The datasets (GSE125362 and GSE76807) were from the Gene Expression Omnibus public repository and included genetic data from tissue samples of 18 people with SSc and nine healthy (control) people.

A total of 24 ferroptosis-related genes were differentially expressed in people with SSc versus controls, suggesting they may be involved in both ferroptosis and SSc. Fourteen were upregulated and 10 were downregulated.

GO annotation analysis, a way to figure out what genes do, revealed they had functions in slowing or stopping cell growth, in inflammation, and in producing proteins.

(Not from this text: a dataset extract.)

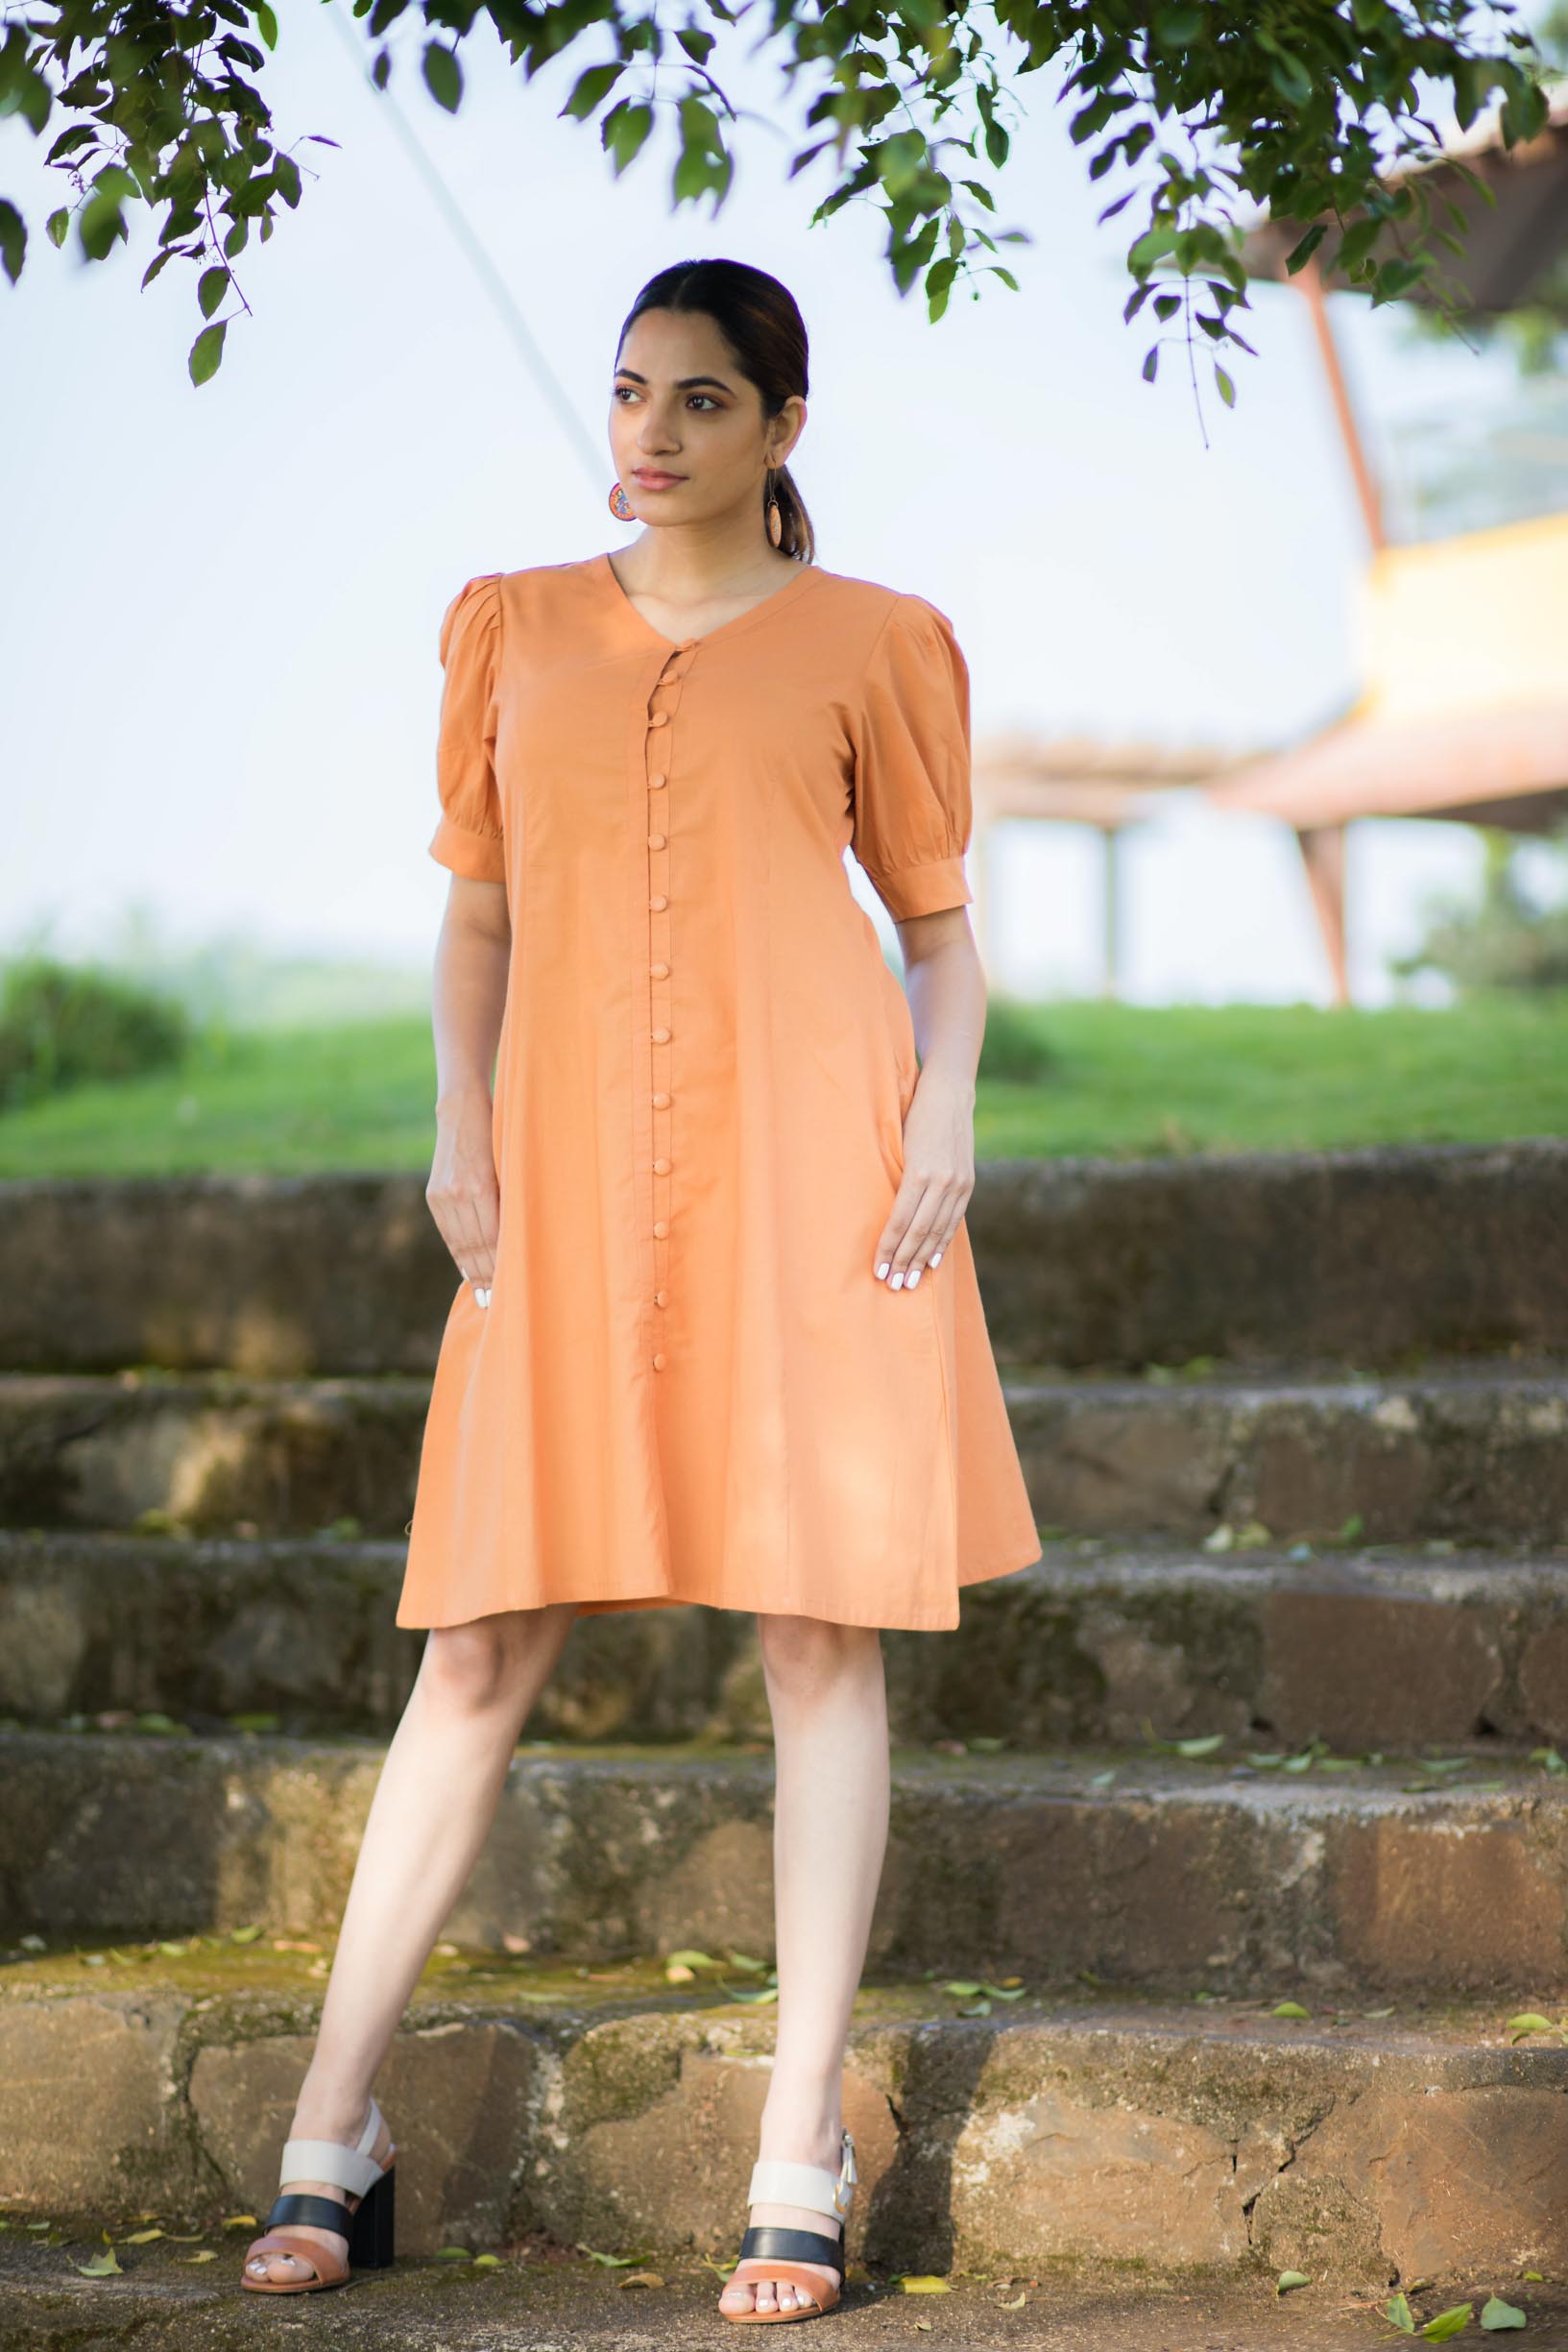 Empire Line Dresses - Buy Empire Line Dresses online in India

KEGG pathway analysis, which helps understand the interactions of genes by mapping them on to known biological pathways, revealed that the genes were involved in necroptosis (a type of inflammatory cell death), the NOD-like receptor signaling pathway (which detects and responds to harmful germs), fats, and atherosclerosis.

The hub (core) genes — those with many connections within biological pathways and play a central role in controlling how cells function — were CYBB, IL6, NOX4, TLR4, CXCL2, JUN, and LY96.

Immune cells in skin samples

The researchers also looked at immune cells in skin samples from five people with SSc and five healthy people, ages 18-80.

Compared with the controls, the skin of people with SSc had more active natural killer (NK) cells. NK cells detect and eliminate infected and diseased cells. But there were fewer resting dendritic, NK, and mast cells. Dendritic cells capture foreign or harmful substances and present them to other immune cells to activate an immune response. Mast cells play a key role inflammation and are activated to release a number of inflammatory mediators.

In the skin samples, the levels of IL-6 protein were significantly higher in SSc than controls. IL-6 is an inflammatory molecule with a known role in SSc and the target of Actemra (tocilizumab). Levels of CYBB, part of a group of proteins that plays a key role in the immune system, were significantly lower in SSc than healthy people.

The findings suggest ferroptosis may play a role in SSc. Key genes such as IL-6 and CYBB were identified as being related to ferroptosis in the disease. “Ferroptosis and related genes might be promising targets in the treatment of SSc,” the researchers wrote.

A search for known molecules that could target any of the 24 differentially expressed genes revealed a list of 10 “potential treatment options.” They were nafcillin, minoxidil, ketorolac, daunorubicin, apafant, toremifene, ranolazine, warfarin, cortisone-acetate, and dinaciclib.